Our data indicate that the MTS is reliable and reproducible for the majority of the tested measurement parameters (Tables
). Since the markers on the casting dummy remained in a constant position, variation in the measurements could be traced to differences in dummy position and investigator scanning technique. While several methods of raster sterography have been published, data from this study are most comparable to data reported for Quantec systems. Investigating QSIS measurements in 200 patients with idiopathic scoliosis, Wojcik et al
. reported a SE for thoracic Q-angle of 4.8° while the thoracic Q-angle SE in our study was 0.93° [21
]. Most notably, thoracic Q-angle SE reported in this study is less than SE in Cobb angle reported in the literature (SE=1.7°) [22
]. Mean Q angle difference between the investigators (1.5°) and between trials (1.4°) regardless of position demonstrated that the measurement of curvature by the MTS can be reproduced by difference clinicians and is not limited by patient positioning. Additionally, no other parameters tested with the MTS demonstrated significant variability due to either trial or observer, with the exception of the Pelvic Tilt metric among trials. Variation in the Pelvic Tilt metric may be explained by variation in identification of the PSIS and is a limitation of the technique common to all rasterstereogrpahic technologies. However, identification of the PSIS is used only in this metric and has impact on spinal curve measurements.
Our data support previous research by Stokes and Moreland and by Liu et al
. indicating that trunk position has an effect on surface topography measurements [10
]. In contrast, Sakka et al
. found no variability in QSIS measurements due to trunk position [24
], although different metrics were tested in each of these studies. In the current study significant variability due to position was observed in the T1-S1 angle, T1-S1 deviation, T1-NC angle, and T1-NC deviation metrics (p<0.01, p=0.03, p<0.01, p<0.01, p<0.001
, respectively). This data supports that of Liu et al
., who also reported significant variability in these metrics due to forward rotation [10
]. However, this variability was only related to the 20°Foward position. This effect may be a result of the sensors which are placed on the subject’s back which decrease measurement noise and could result in dampening of variability caused by small changes in position.
Our data do not support previous research which indicates significant variability in the Kyphosis metric due to forward bending, indicating that the MTS is more reproducible with respect to this parameter than previous QSIS systems [10
]. Significant variability of VOI reported in the SH metric may be due to inconsistent manual movement of the dummy cast during testing and may also indicate the sensitivity of this metric to changes due to postural sway in the coronal plane.
Variability in the Back Height metric due to trunk position (p<0.001) has not been studied previously but variability in this metric with changes in position of the trunk is expected. Because back height is measured vertically and tilting of the dummy cast forward in the 10°F, 10°T, 20°F, and SH conditions results in variation in the back height measurement (i.e., the back height should decrease as the dummy cast is tilted forward). The observed variability in our study is expected but may indicate a limitation of this metric’s utility in patients with abnormal posture.
The use of a dummy cast is a limitation of this study because the cast may not accurately reflect surface marker movement which would be present in a human subject.
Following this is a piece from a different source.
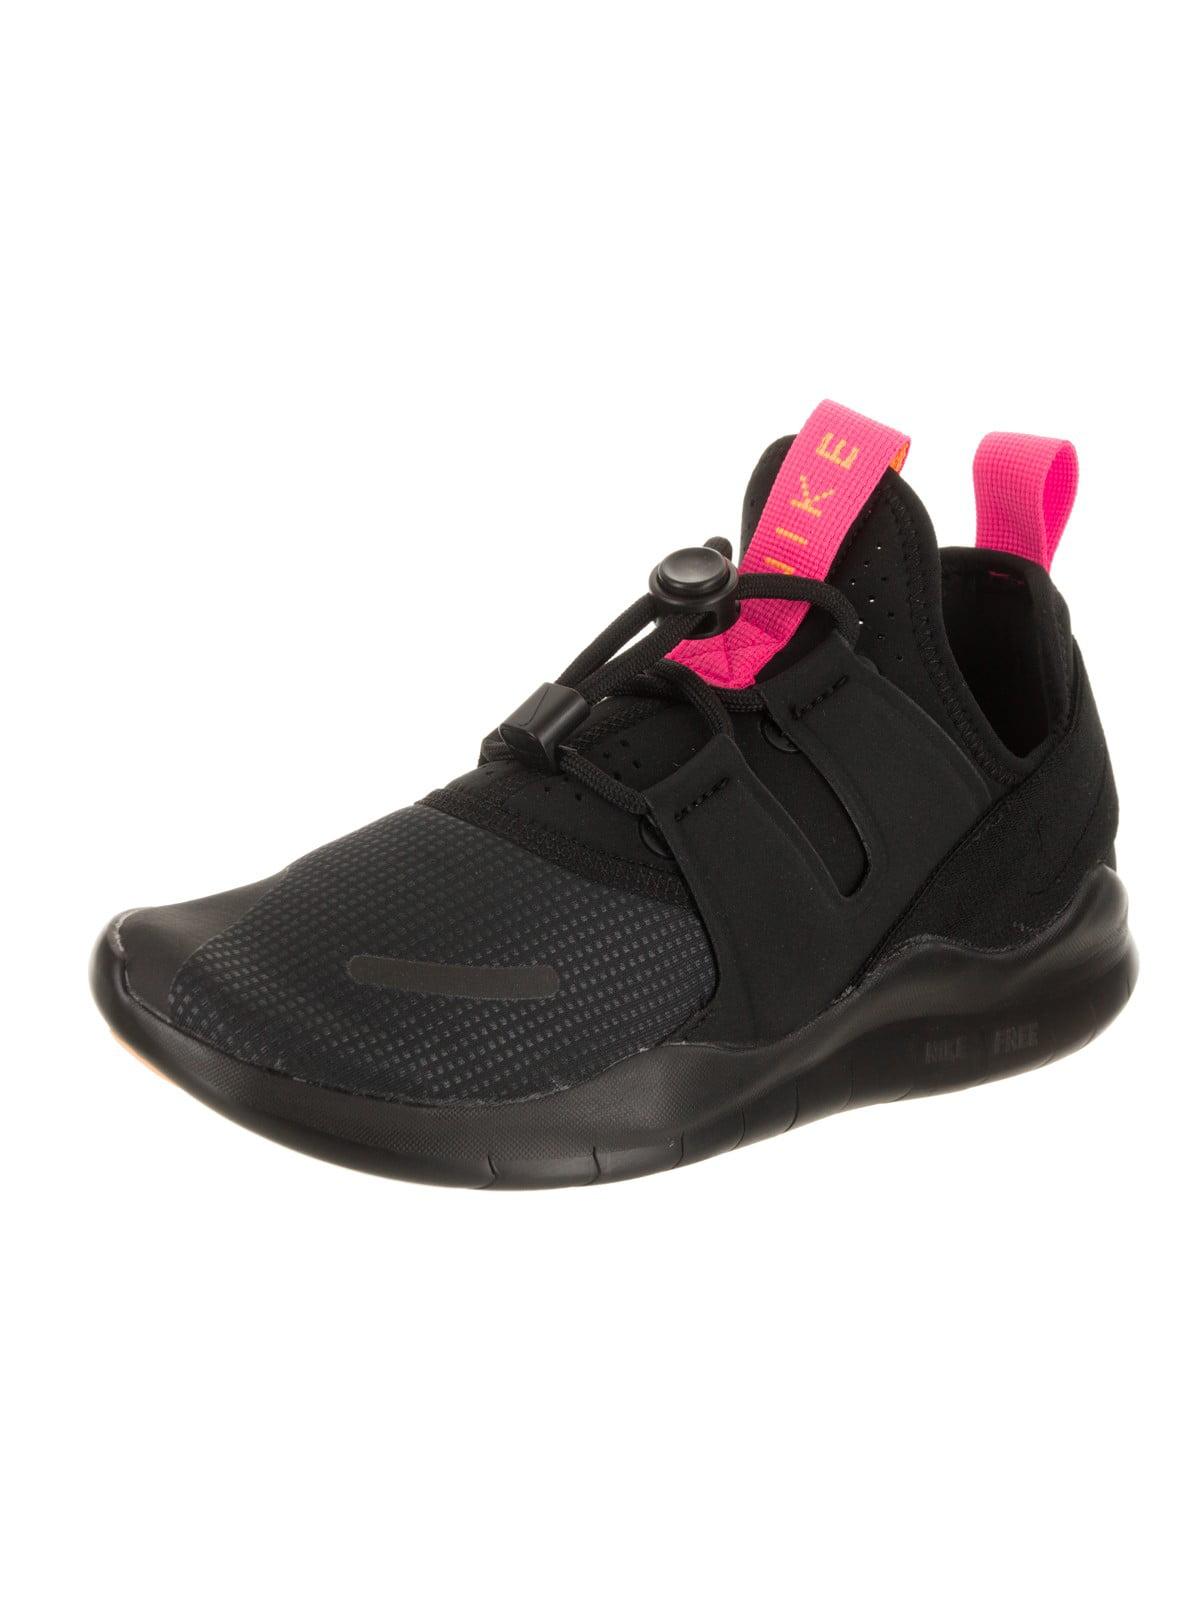 Nike Women's Free Rn Cmtr 2018 Running

Surface marker motion is common to all rasterstereography techniques but good correlation between rasterstereographic and radiographic metrics has been reported [15
]. The present study presents a confirmation of the technology and our lab will evaluate the system in a human subject in the near future.
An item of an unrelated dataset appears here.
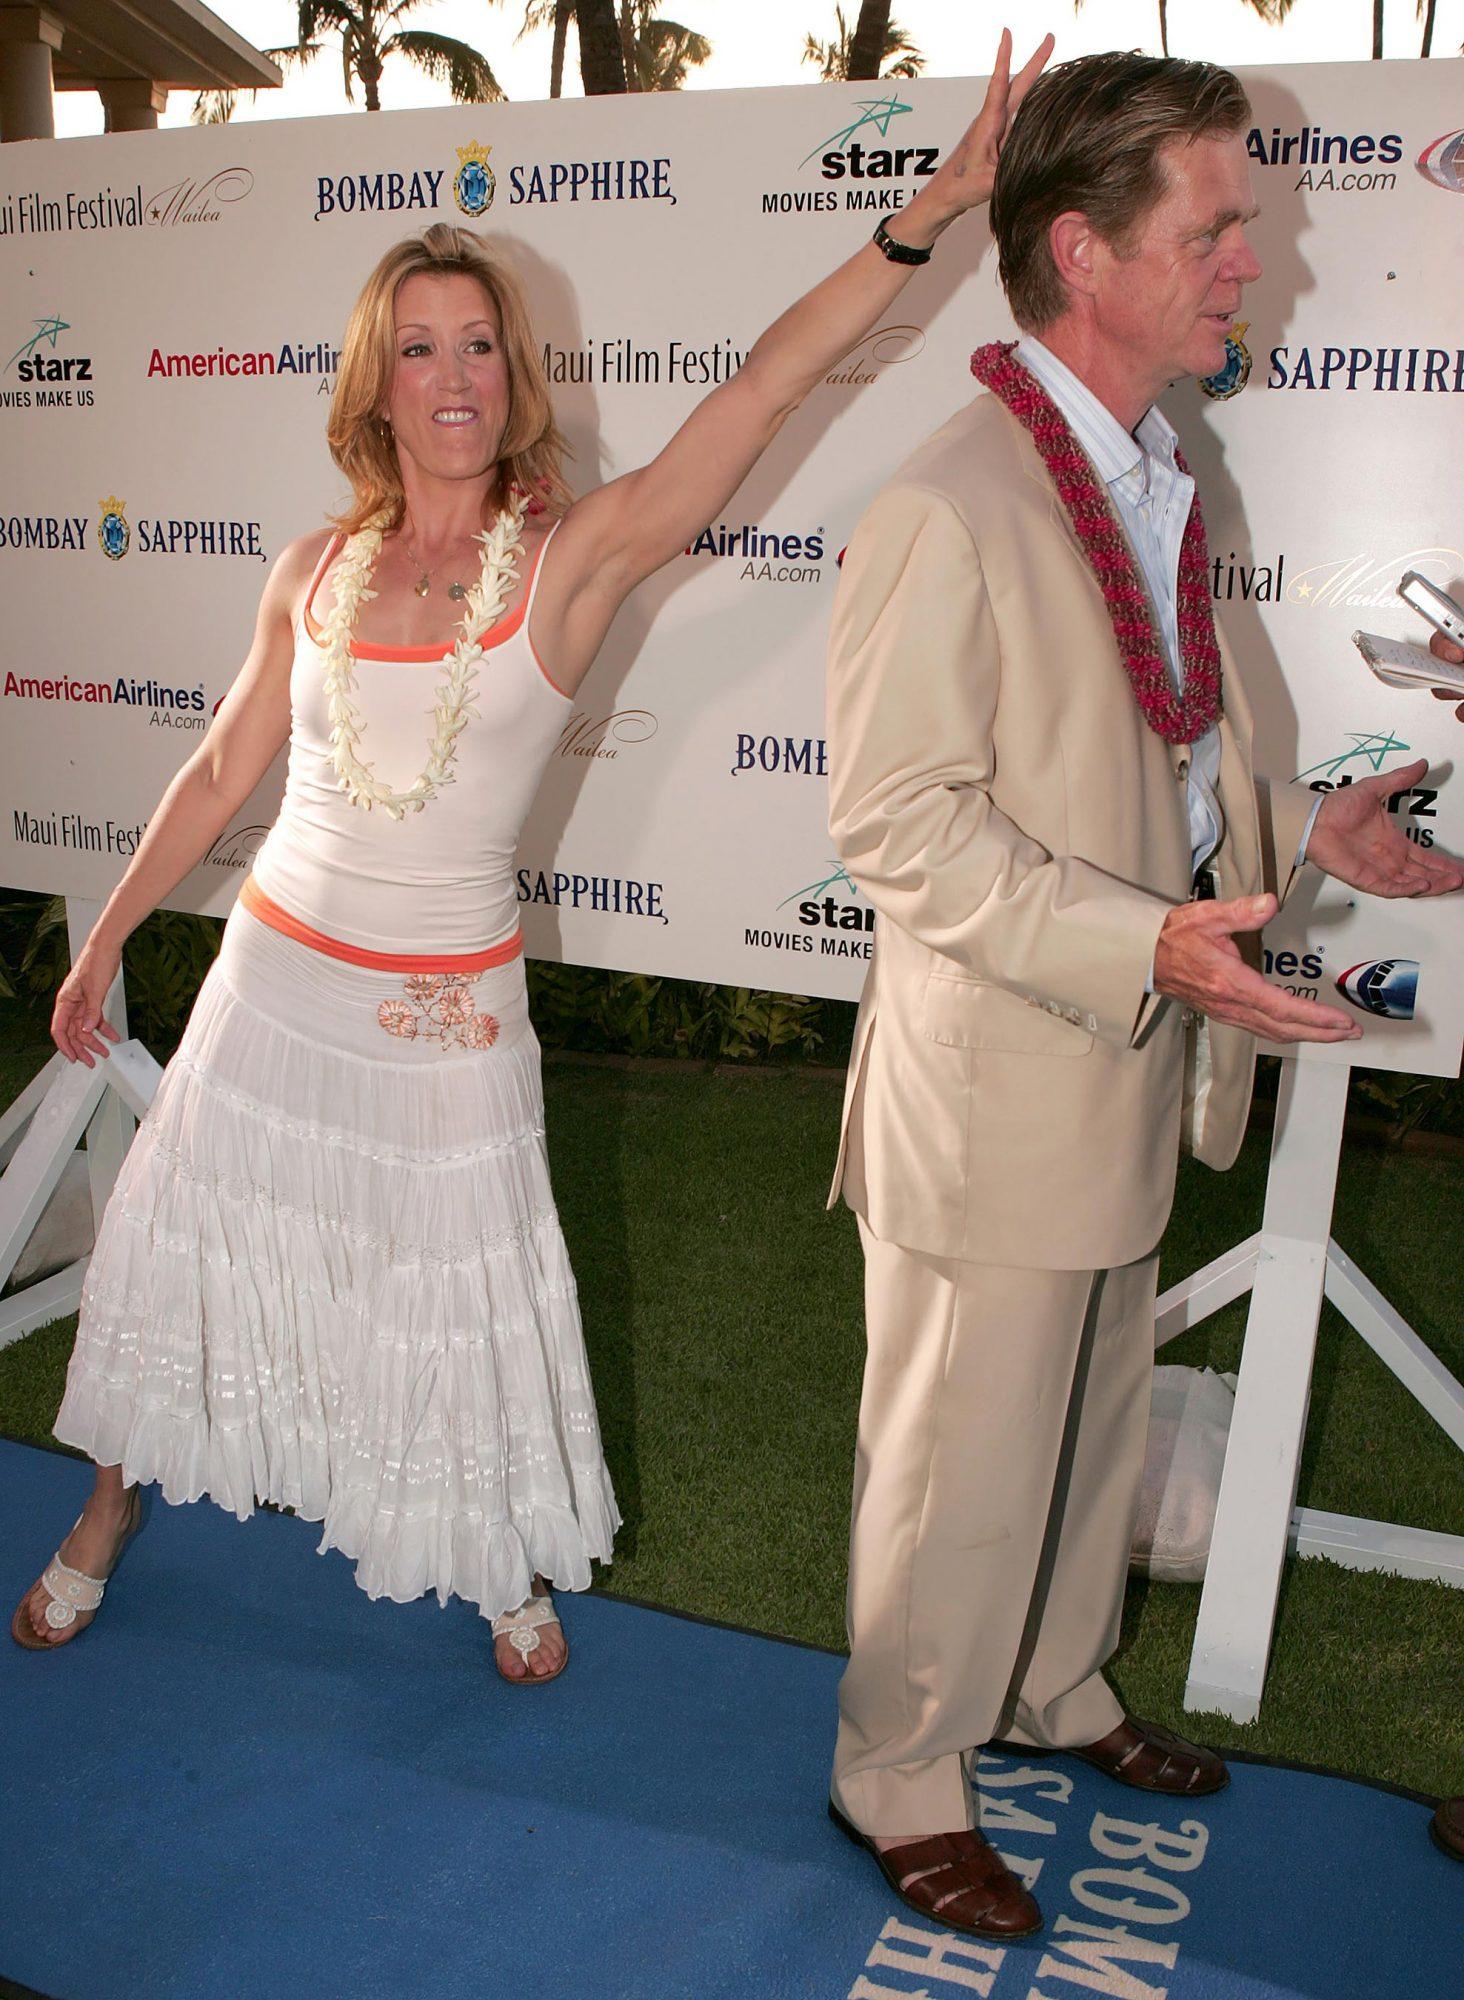 2005 Maui Film Festival - Day Three - Sponsored by Bombay Sapphire

Intra-Observer and Inter-observer ICCs indicate that the MTS is highly reliable for all tested metrics excluding Pelvic Tilt. Lyon et al
. assessed QSIS reliability using a random effects variance components model in 200 children with a diagnosis of adolescent idiopathic scoliosis and reported the highest reliability when three scans and three measurements were performed [25
]. Although our data is not directly comparable to this previous research because only one “subject” was included in our study, we report excellent reliability of the MTS regardless of different investigators, trials, and positions.